Moderna on Thursday became the first Covid-19 vaccine manufacturer to ask the Food and Drug Administration (FDA) to approve its jab for children under 6, less than six months after the agency delayed approval for adolescents as young as 12-years-old over the risk of dangerous heart inflammation in younger patients.
The development comes after the company announced positive results in late March for a phase 2/3 study for children aged 6 months to under 6 years - which found that the vaccine had "lower efficacy" against the Omicron strain.
"Using the Phase 3 COVE study COVID-19 definition, vaccine efficacy in children 6 months to 2 years was 43.7% and vaccine efficacy was 37.5% in the 2 to under 6 years age group."
And while the New York Times says that "Parents of the roughly 18 million youngest Americans" have been "waiting for months for pediatric doses," a CDC study revealed that throughout the entire pandemic up until January 31, 2022, there were just 2,562 children up the age of four years-old who were hospitalized with Covid-19, and just 16 deaths (2 of them from Omicron).

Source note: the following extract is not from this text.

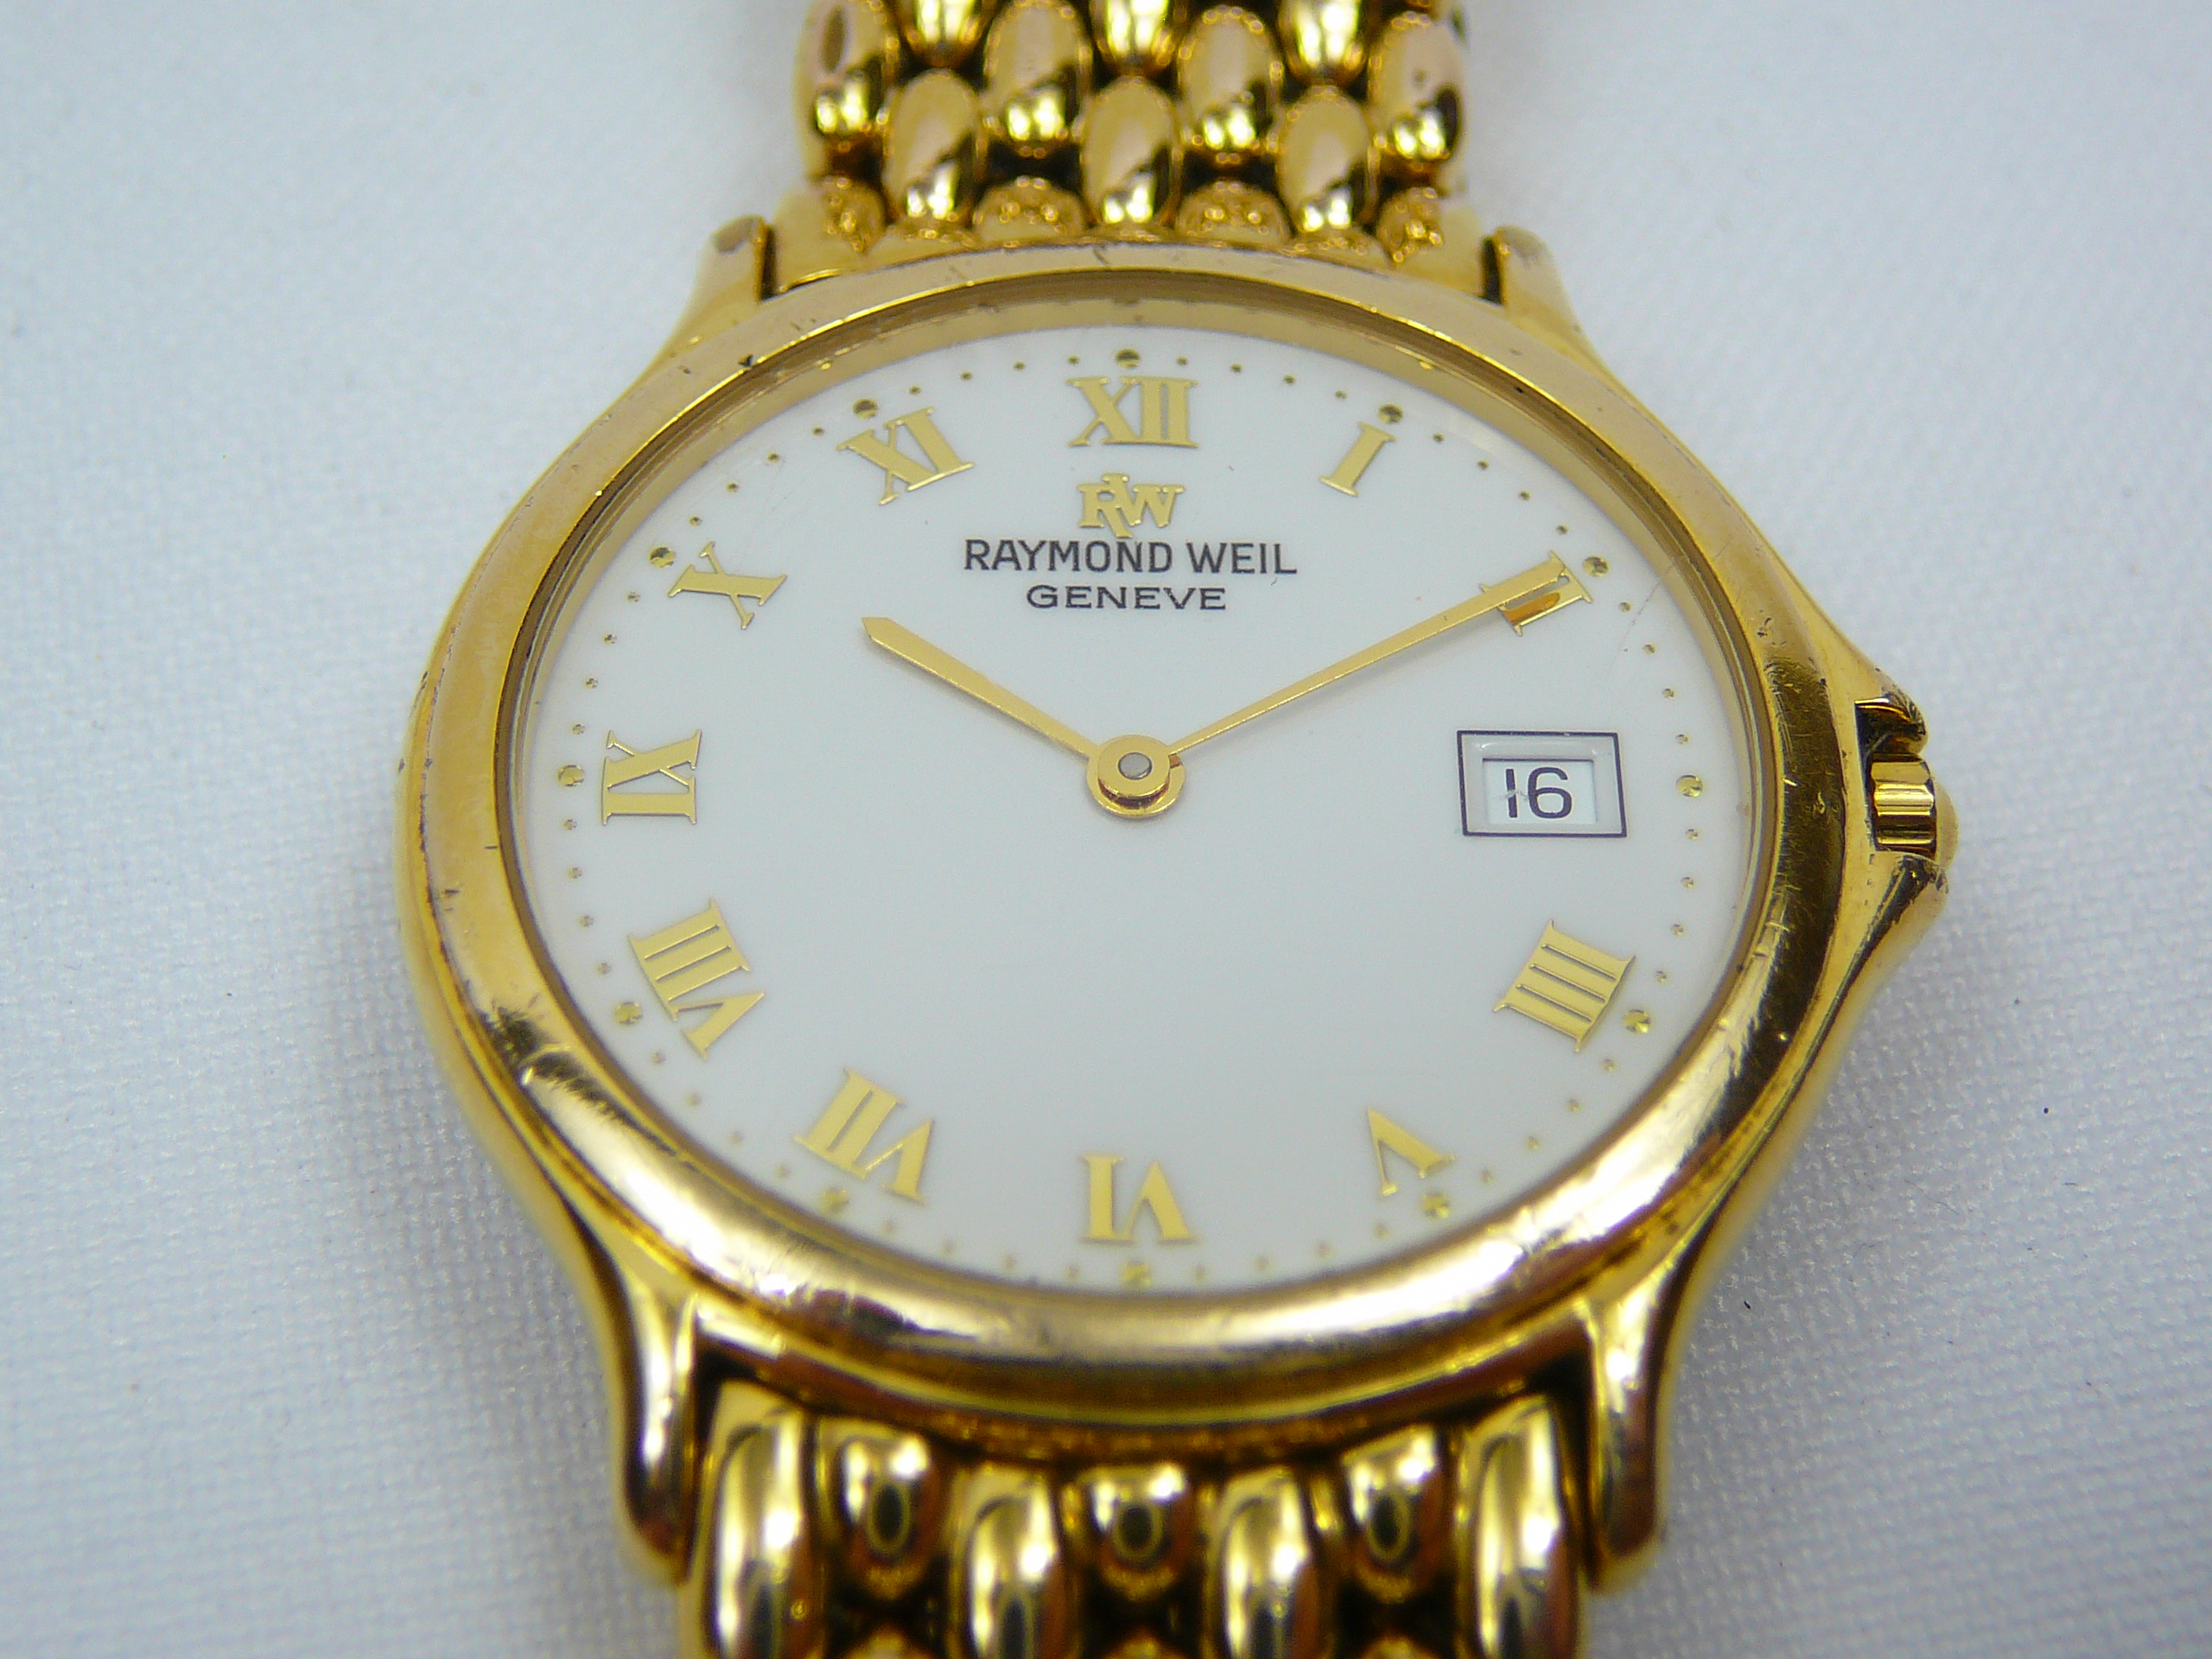 Gents Raymond Weil Wrist Watch - Image 2 of 3

So Moderna wants approval for a jab with efficacy as low a 37.5%, for a demographic which has a 0.000142% hospitalization rate and generally mild (to no) symptoms without vaccination.
Moderna’s clinical trial data showed that the antibody response of the youngest children compared favorably with that of adults ages 18 to 25, meeting the trial’s primary criterion for success. Although the trial was not big enough to measure vaccine effectiveness, Moderna said Thursday the vaccine appeared to be 51 percent effective against symptomatic infection among those younger than 2, and 37 percent effective among those 2 to 5. -NYT
Moderna's chief medical officer, Dr. Paul Burton, said that the Omicron variant accounted for 80% of cases in the study group, which explains the low efficacy rate.
For now, Moderna's vaccine has only been cleared for adults - and the company has also requested authorization of its Covid vaccine for those aged 6-11 and 12-17, which the company will submit data for in around two weeks.
The FDA's head of vaccine regulation, Dr. Peter Marks, hinted at a Tuesday Senate oversight hearing that the agency may consider Moderna's applications for all children as a whole.
Moderna and Pfizer-BioNTech have both been developing doses for the youngest children since last year. Moderna is proposing a two-dose regimen for children from 6 months to 5 years old, using one-fourth the strength of an adult dose. Pfizer and BioNTech are working on a three-dose regimen for those 6 months to 4 years old, at one-tenth the strength of the adult dose. Pfizer has not yet submitted a request for F.D.A. authorization, but is expected to do so soon. -NYT
Last week, White House adviser Dr. Anthony Fauci suggested that the agency wants to review data for Moderna and Pfizer simultaneously in order to directly compare the two.
Regulators aren't expected to act on Moderna's application before June, while federal officials will ask the agency's outside advisory panel of experts to review the data before authorizing any vaccine for the least vulnerable.